> _TASK_
From the first line to the last, print the material exactly, skipping the pictures.

> _INPUT DATA_
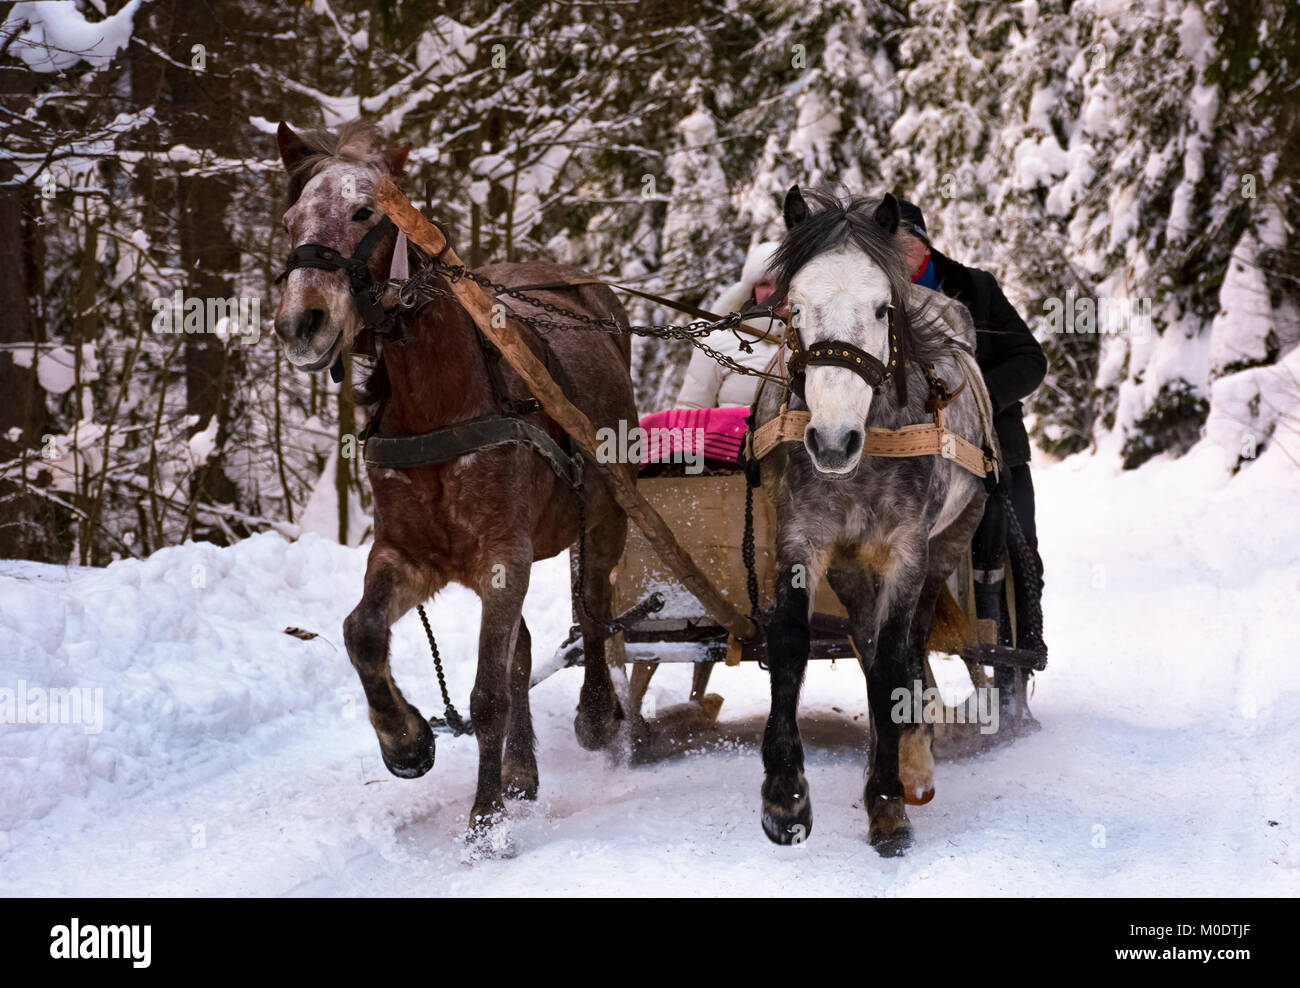 A cavallo di due ardesia a cavallo nei boschi innevati. passatempo divertente e di momenti felici della stagione invernale Foto Stock
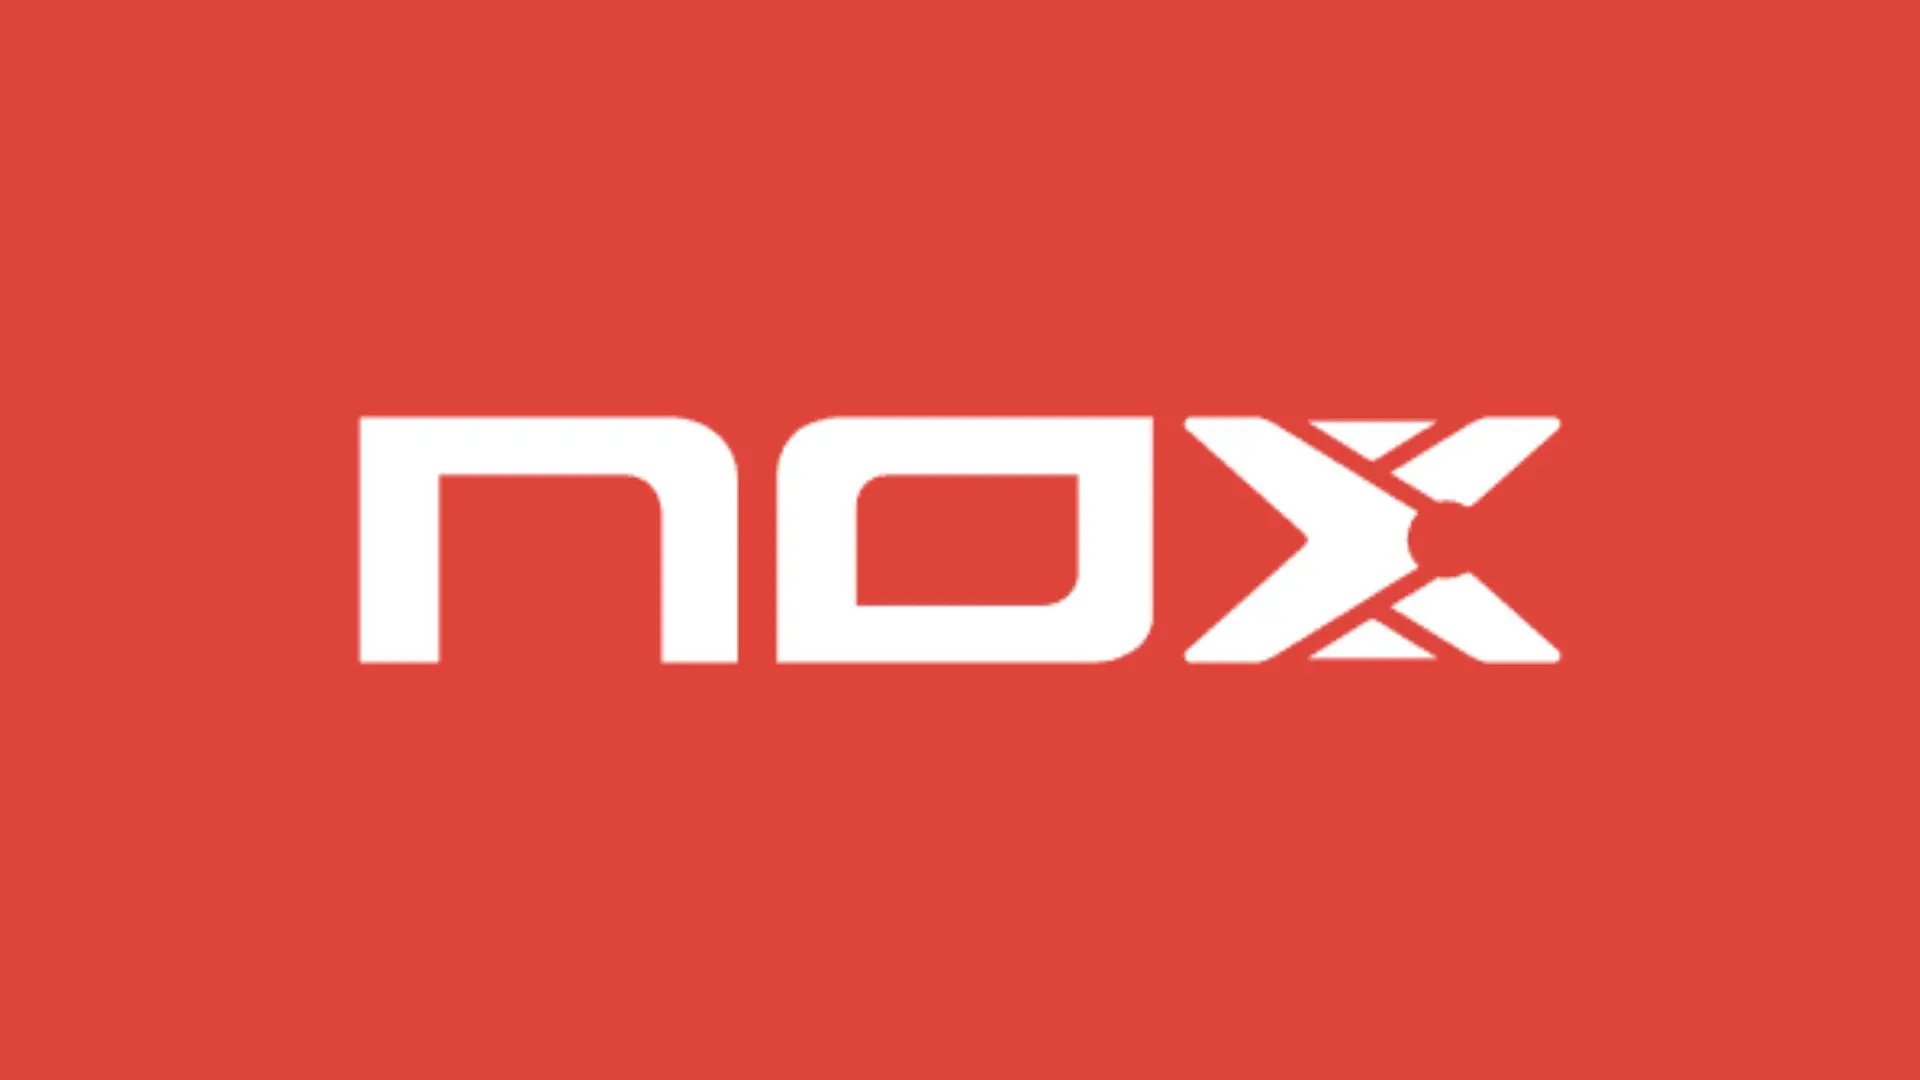 Nox padel : Welches Pala soll man je nach Temperatur verwenden?
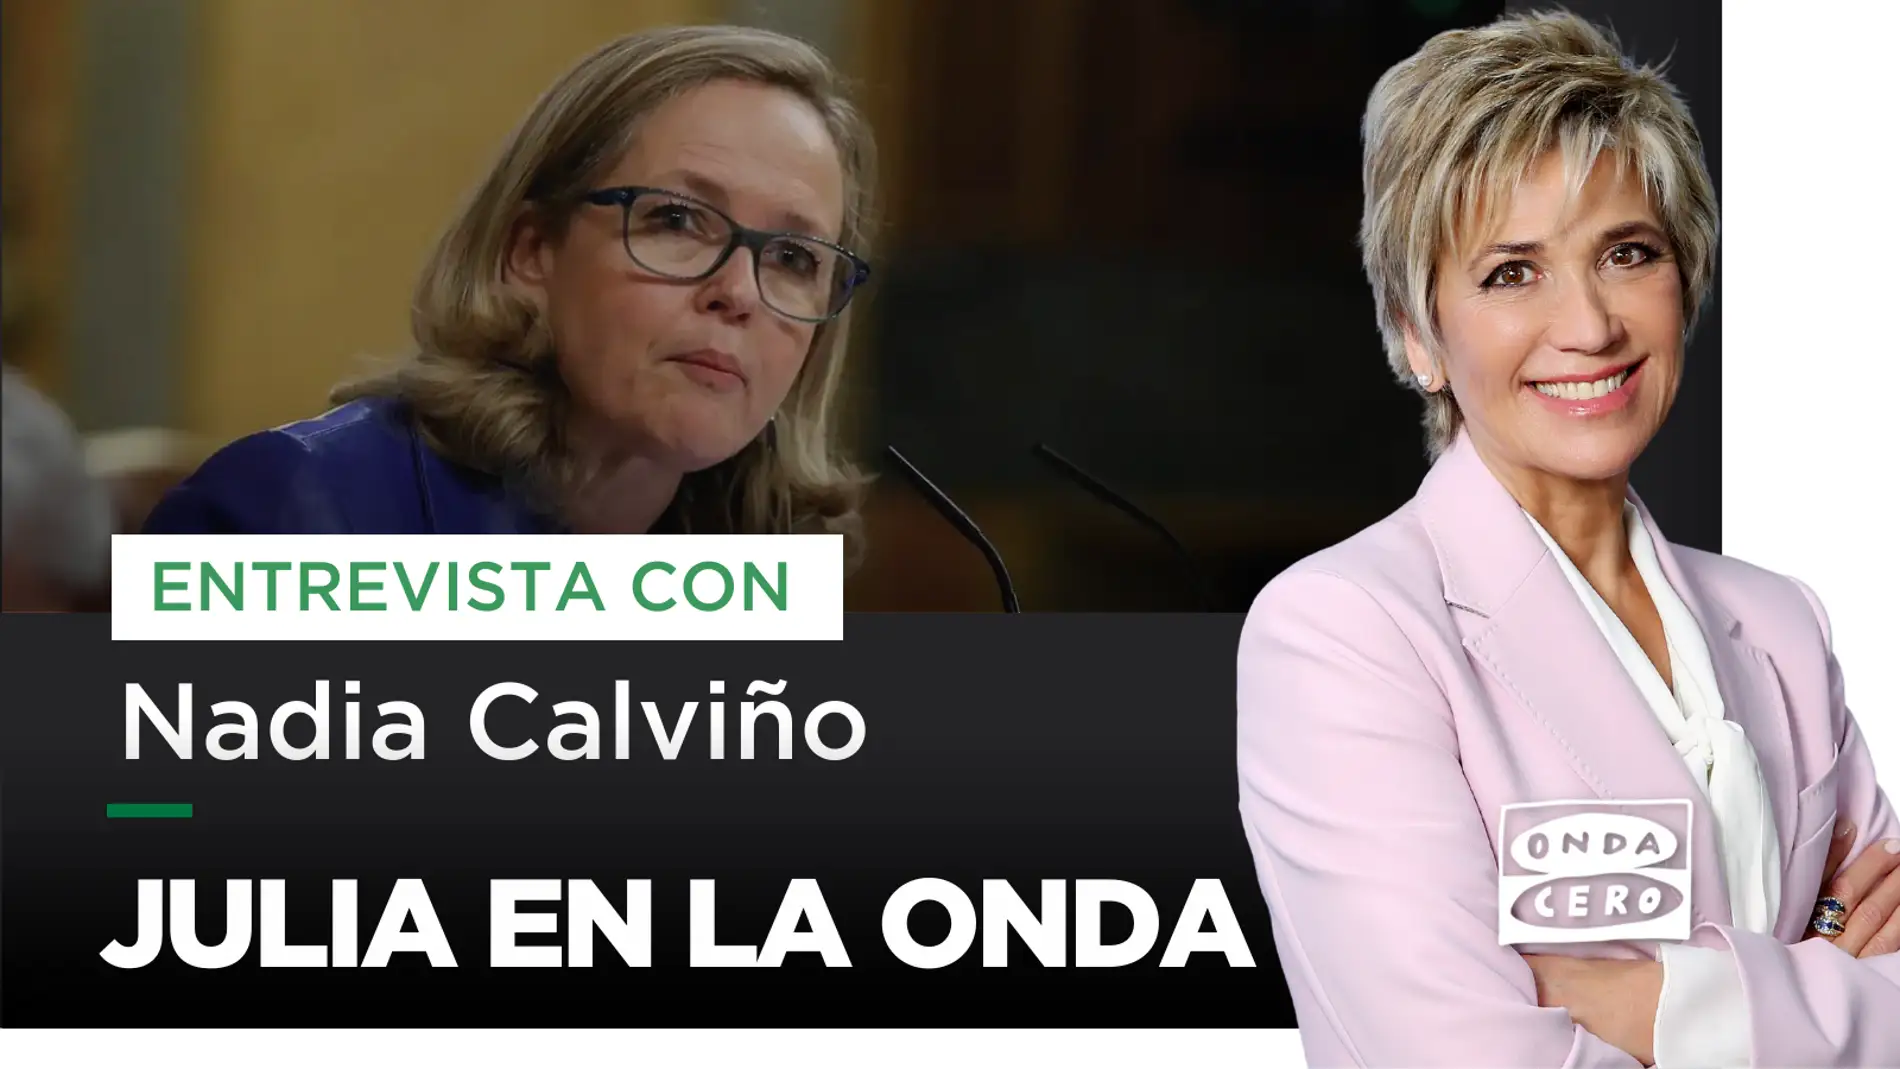 Julia Otero entrevista este jueves a Nadia Calviño en 'Julia en la Onda'

> _EXERCISE SOLUTION_
 A cavallo di due ardesia a cavallo nei boschi innevati. passatempo divertente e di momenti felici della stagione invernale Foto Stock
 Nox padel : Welches Pala soll man je nach Temperatur verwenden?
 Julia Otero entrevista este jueves a Nadia Calviño en 'Julia en la Onda'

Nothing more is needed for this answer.